## Aim of the exercise
Skip the pictures and give back the rest of the listing exactly.
** Information provided follows **
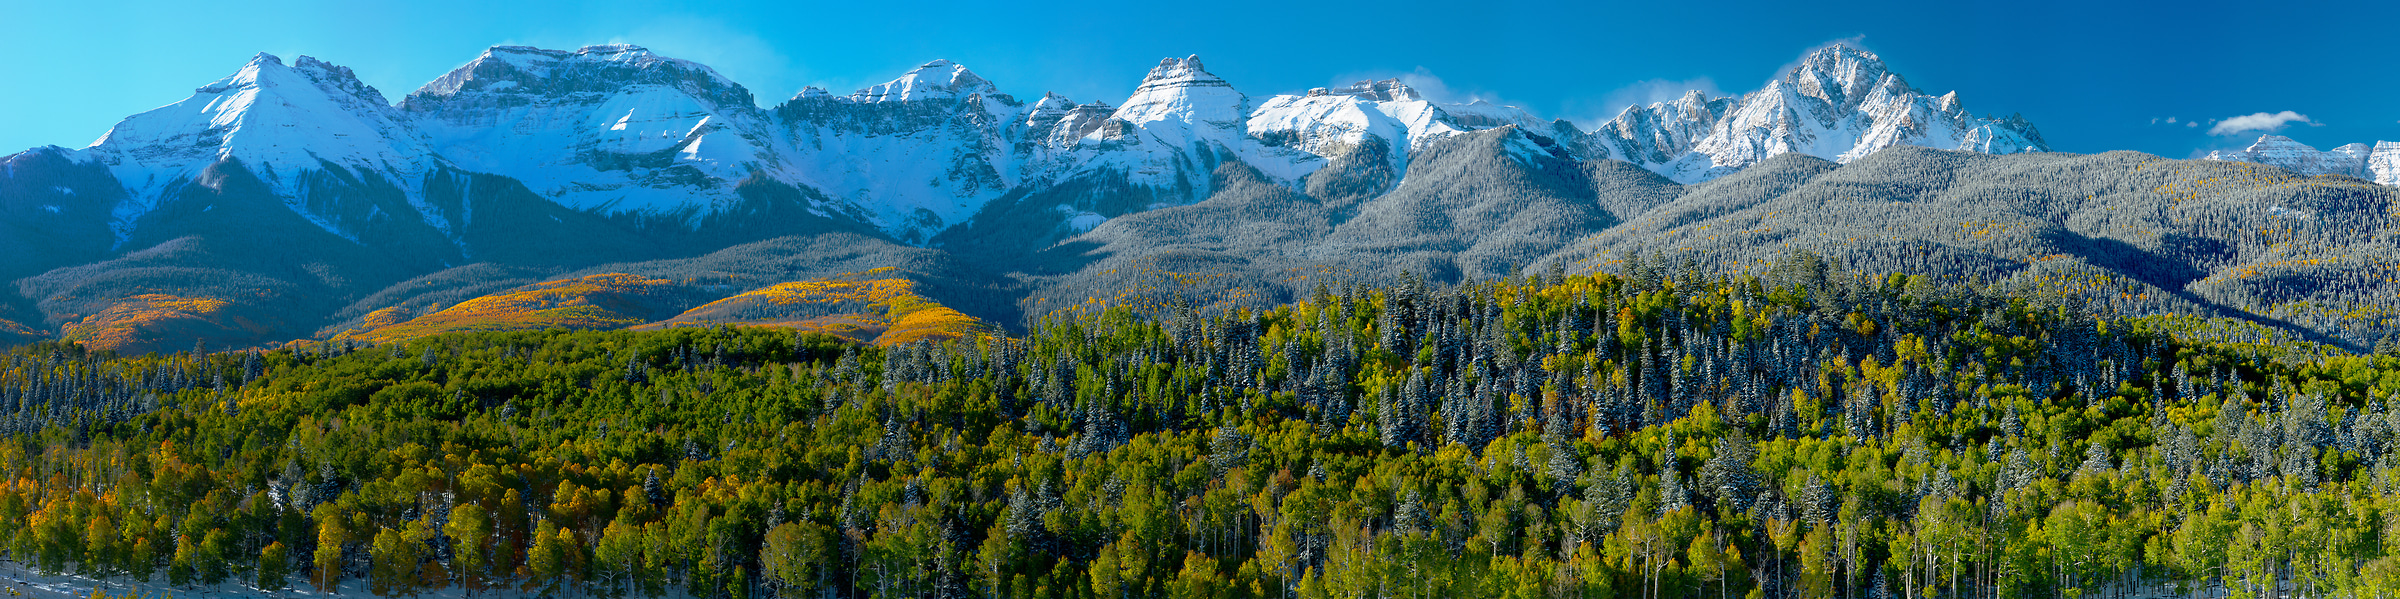 1,152 megapixels! A very high resolution, large-format VAST photo print of a snow-covered mountain range with forests in the foreground; landscape photograph created by John Freeman in Mt. Sneffles, Ridgway, Colorado.
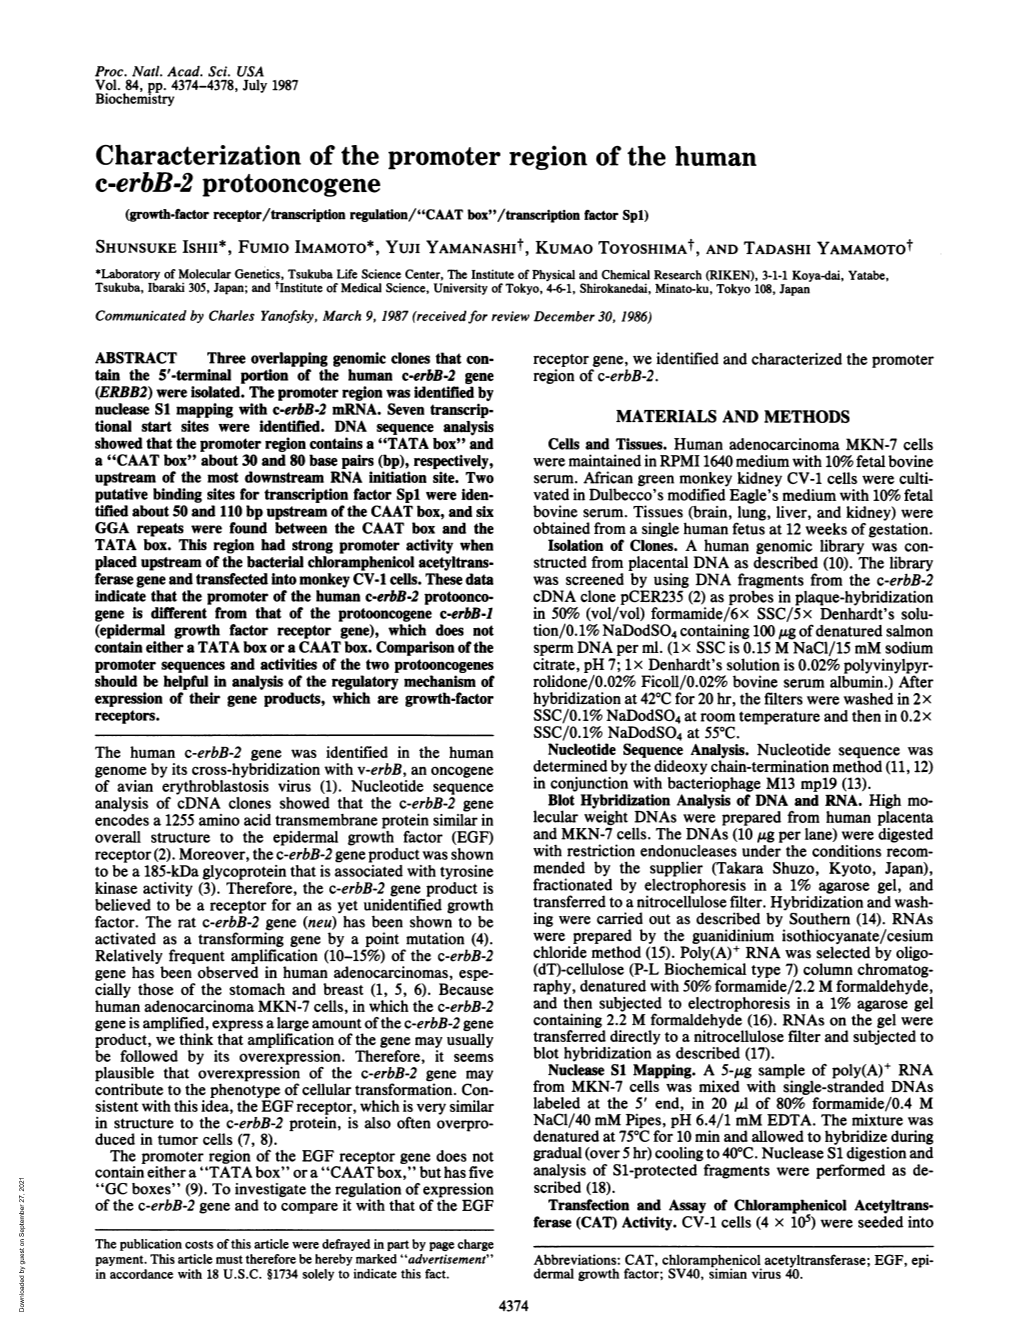 Characterization of the Promoter Region of the Human C-Erbb-2
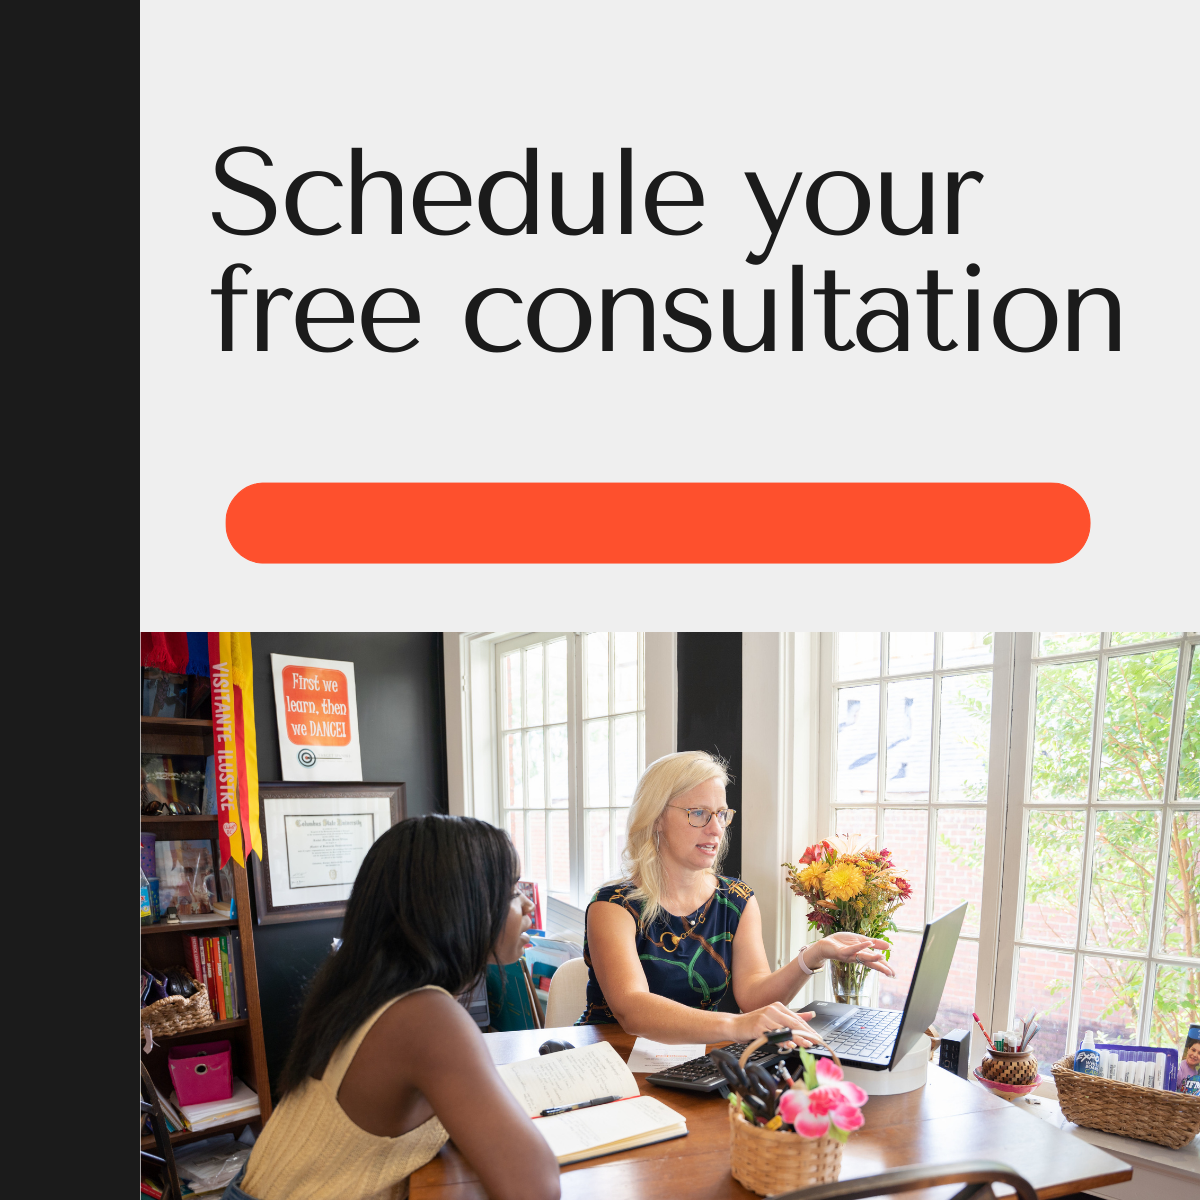 Schedule your free consultation here
** End of Information provided **
## Result
 1,152 megapixels! A very high resolution, large-format VAST photo print of a snow-covered mountain range with forests in the foreground; landscape photograph created by John Freeman in Mt. Sneffles, Ridgway, Colorado.
 Characterization of the Promoter Region of the Human C-Erbb-2
 Schedule your free consultation here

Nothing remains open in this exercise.